In Missouri, the legislation also had the support of the Consumers Council of Missouri, normally a counterbalance to utility companies.
John Coffman, an attorney for the consumers’ council, said the group feared an effective ban on new natural gas customers would mean a gas utility’s future expenses would be concentrated among a stagnant or shrinking number of customers, driving up rates for those customers. He likened it to the rising prices of landline phone service as it lost popularity.
Though his group supported the ban on local natural gas prohibitions, he said determining what industry group membership costs can be passed onto ratepayers is something his organization deals with regularly.
“I think it’s good for them to receive scrutiny on these things,” Coffman said. “There are a lot, I think, of things that EEI does that wind up raising utility rates.”
Dave Nickel, consumer counsel for the Citizens’ Utility Ratepayer Board in Kansas, said his organization was “intrigued” by the petition with FERC. He said while not all trade dues are inappropriate, they “sometimes work to benefit the bottom line for the shareholder.”
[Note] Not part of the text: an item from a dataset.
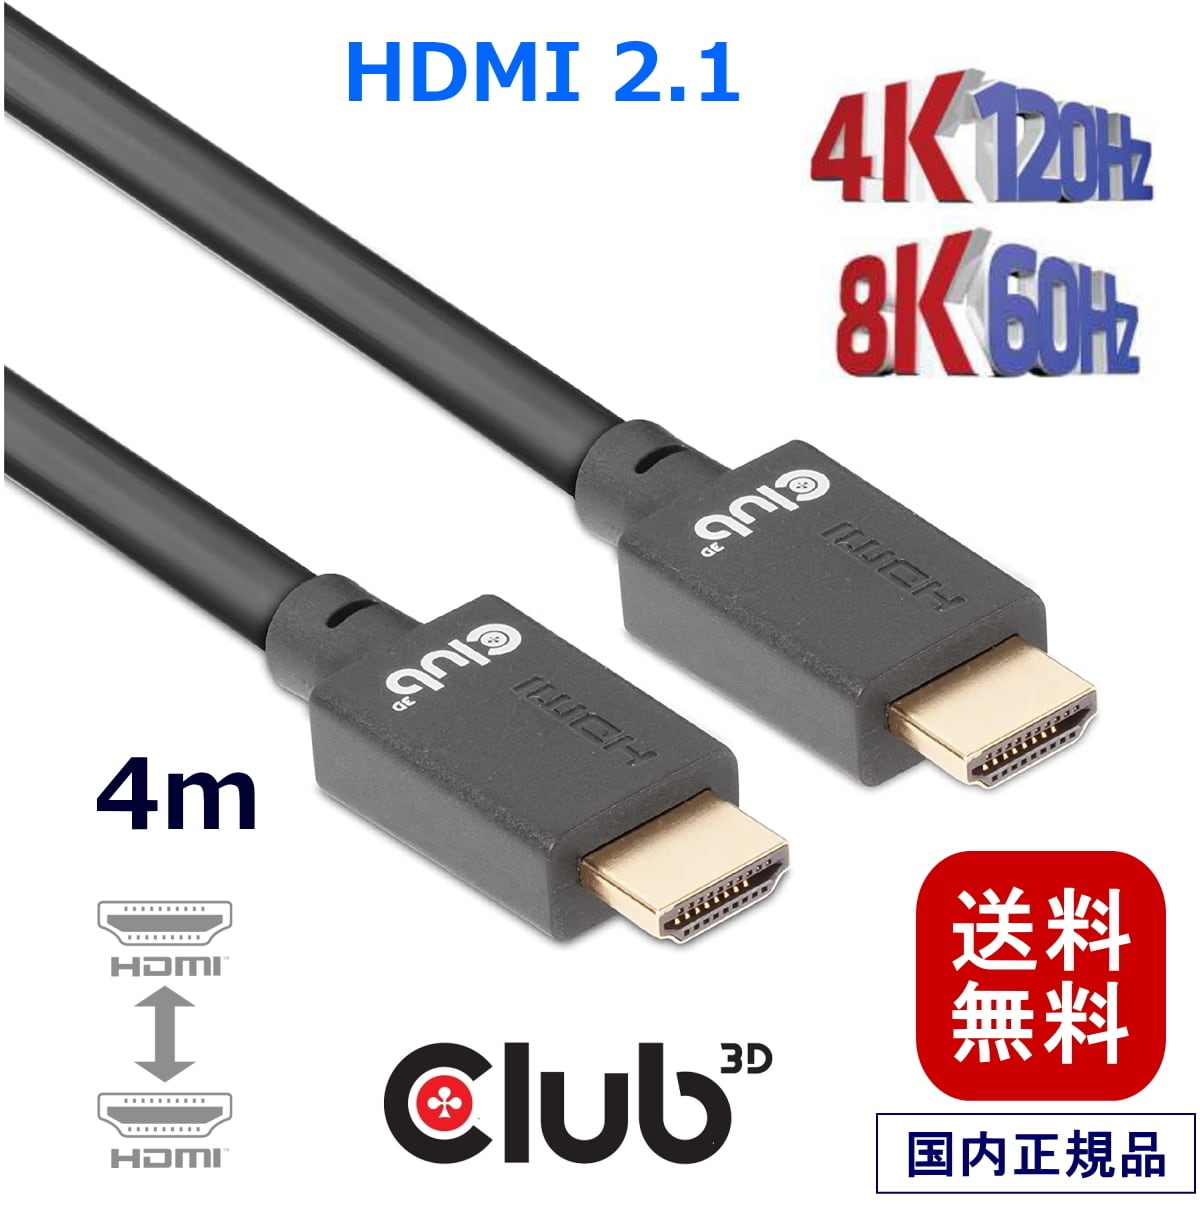 CAC-1374】Club 3D HDMI 2.1 4K120Hz 8K60Hz 48Gbps オス オス 4m 26AWG Ultra High  Speed Cable ウルトラ ハイスピード ケーブル (CAC-1374) BearHouse

“CURB is not familiar enough with the petition to support or not support it fully at this time, recognizing that the change in the rule would have policy ramifications for FERC jurisdictional utilities,” Nickel said.
“Nonetheless,” he added, “CURB very fervently advocates that all dues, donations, and contributions to charitable, civic, and social organizations and entities made by utilities must benefit the ratepayer and be reasonable for any part of them to be included in rates.”